Historically, pickling presented a way of preserving food naturally and stopping it from going off, as we were yet to invent preservatives or freezers! Transport was much more limited than it is now, and food inevitably became very scarce in the winter months, when little would grow on its own.
So how did we get dill pickles?
In the US, dill pickles are often referred to as “kosher dills”, although there is nothing about them that really necessitates the word “kosher” in their name, as they are not derived from meat or dairy products, among other things. Kosher dills are simply made using traditional Jewish dill pickle recipes that were popularized in New York City around 120 years ago.

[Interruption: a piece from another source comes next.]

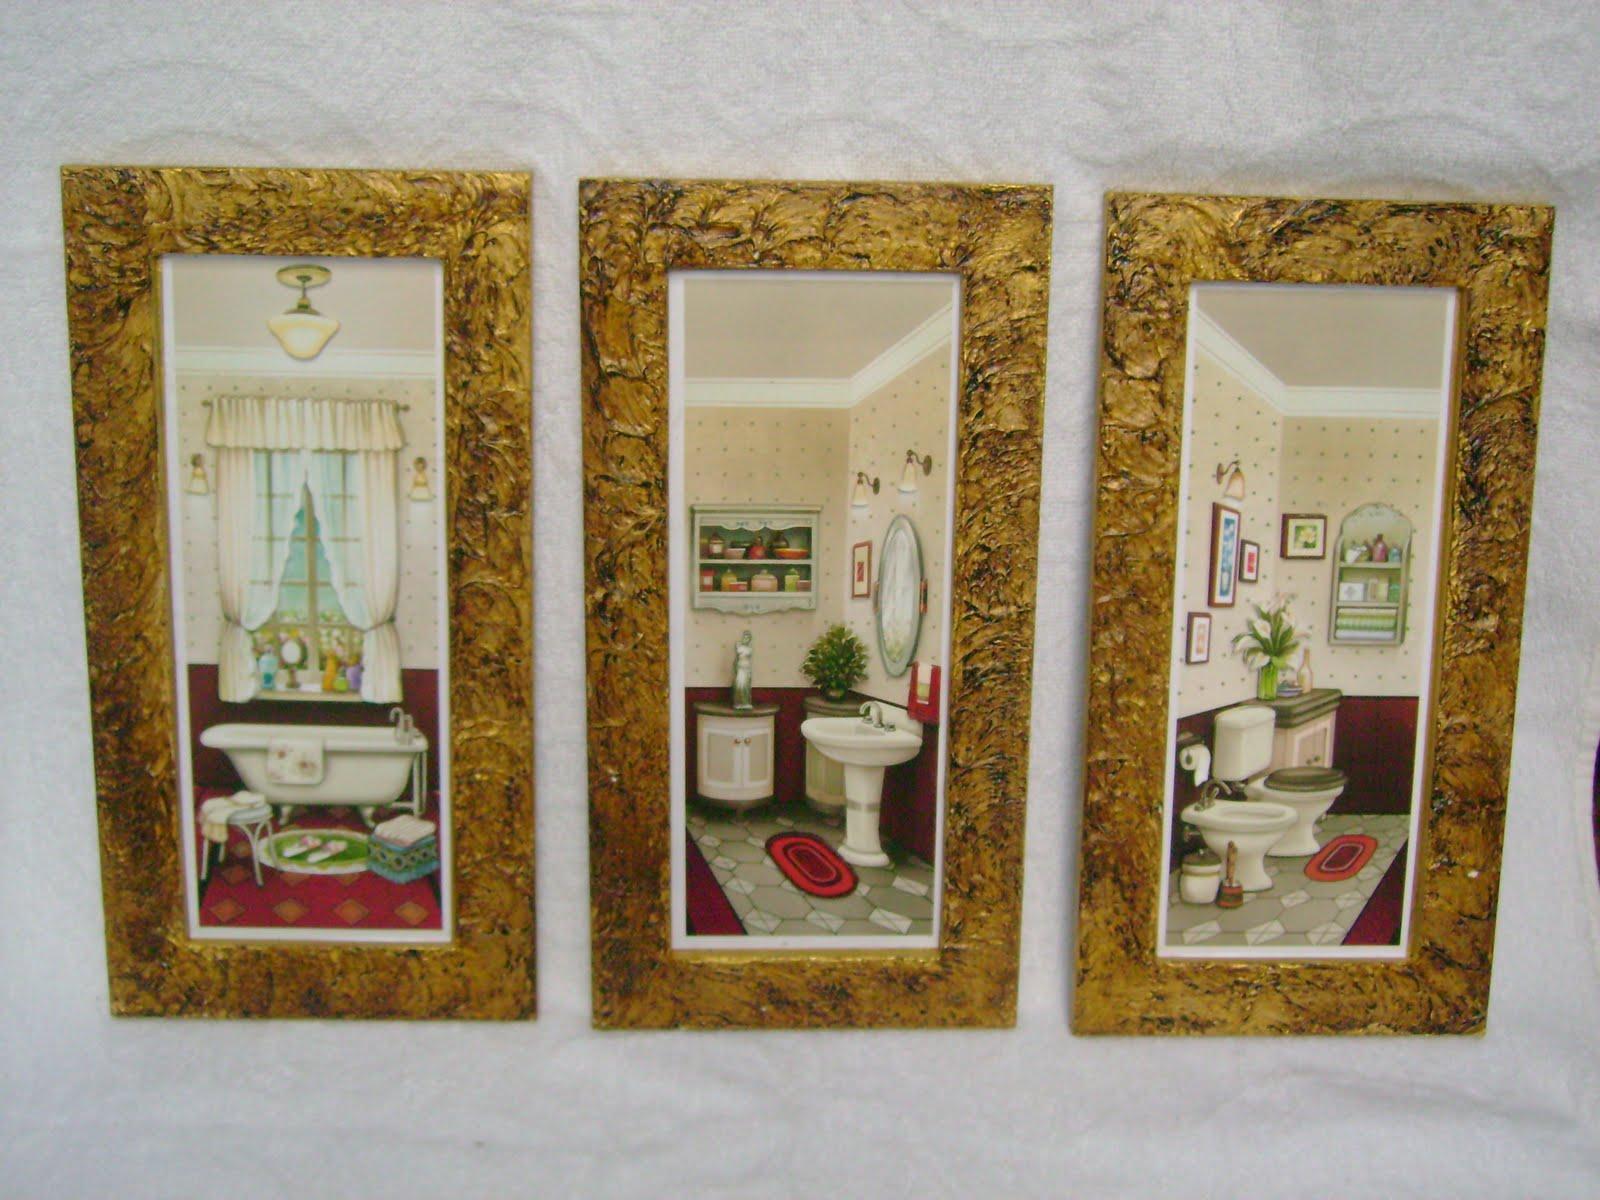 Kit Quadros para Banheiro Thoque Mágico medem aproximadamente 30 x  #6C4519 1600 1200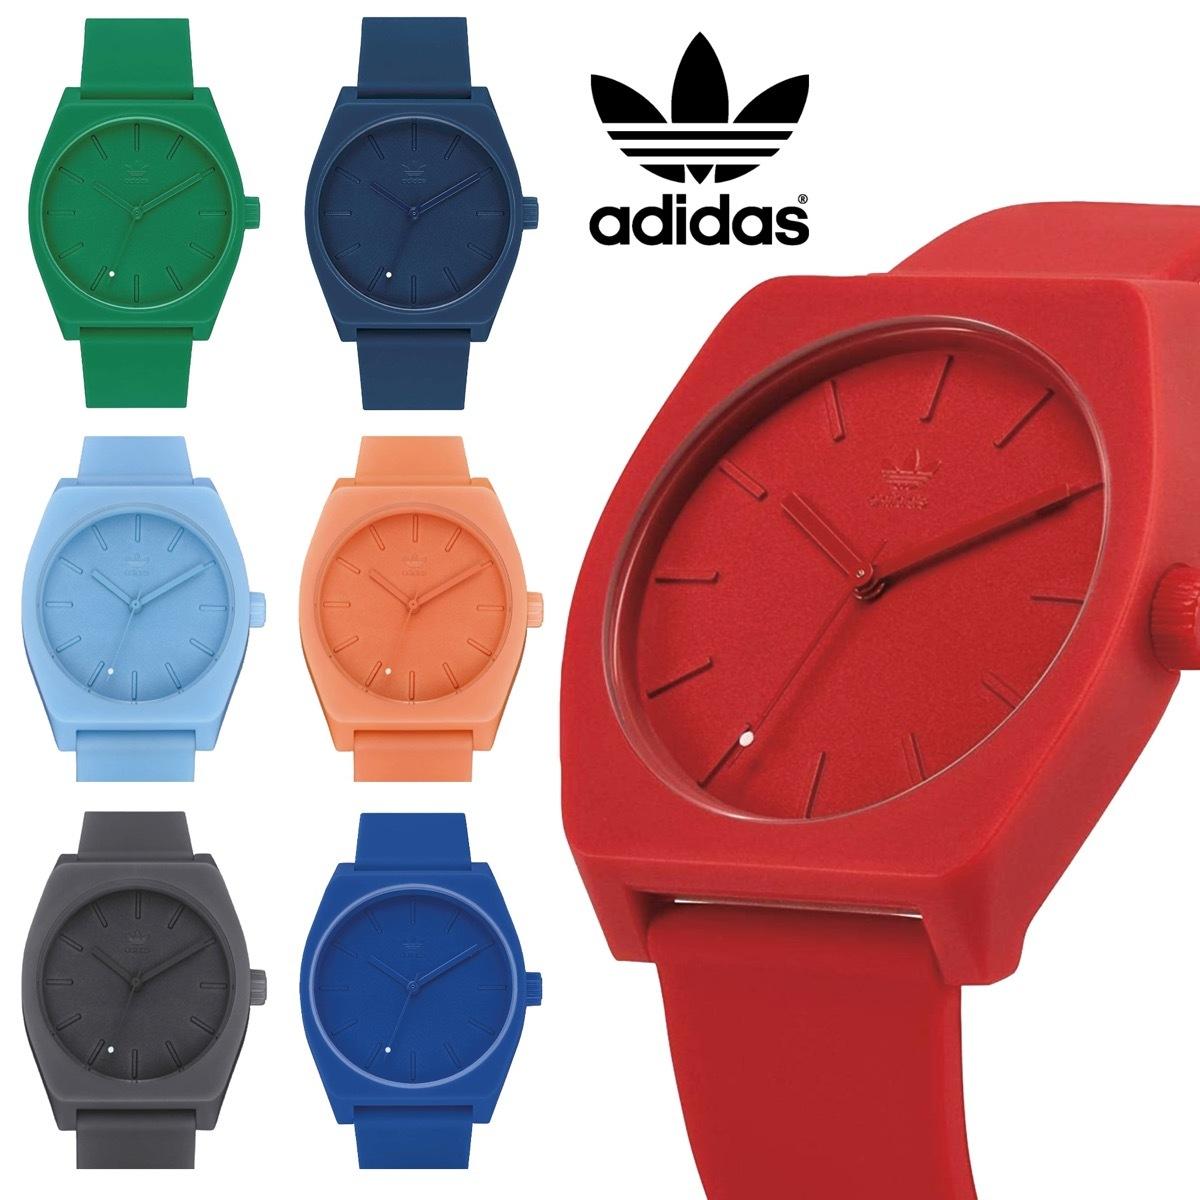 ユニセックスで使えるシンプルなデザイン ペアウォッチにもオススメ adidas Watches 防水 アナログ ウォッチ PROCESS_SP1 オンライン限定商品 Z10 シリコン 腕時計 06 ラバー プレゼント 秀逸 クォーツ ペア ペアウォッチ レディース ムーブメント メンズ アディダス 日本製

The “kosher” dill pickle initially became very popular with Jewish communities living in Eastern Europe, with Eastern European countries such as Hungary having an abundance of the dill herb, along with other herbs and spices. Dill pickles offered a sharp and tangy accompaniment to their rather bland diet, which saw their popularity quickly skyrocket. In the run-up to the cold, unforgiving winter months, it became a tradition for Jewish communities to pickle many foods for preservation, with “kosher dill” pickles being one of them.
A large migration of Jews into New York City during the late 1800s and early 1900s brought “kosher” dill pickles to North America, with the US citizens soon loving the dill-infused take on a pickled cucumber. Different types of dill pickle were made depending on the fermentation time, and big brands such as Heinz soon looked to turn these salty cucumbers into big business money-making machines.
Despite their transition into big business, dill pickles retain their largely Jewish roots and associations today. Pickles are still a mainstay at many NYC delis in the 21st century, further solidifying their status as a staple of Jewish-American cuisine. Some delis even sell novelty pickle-scented candles!
Though many types of pickled foods exist, dill pickles are among those that have stood the test of time. Dill pickles continue to be a common feature of many meals, often being served with sandwiches and burgers as a palate cleanser or a tasty, tangy addition to the flavor of a meal.
More than half of the cucumbers grown in the US are turned into pickles, while Americans consume over 26 billion pickles per year. That equates roughly to 9 pounds of pickle per citizen every year! One thing’s safe to say – pickles aren’t going anywhere!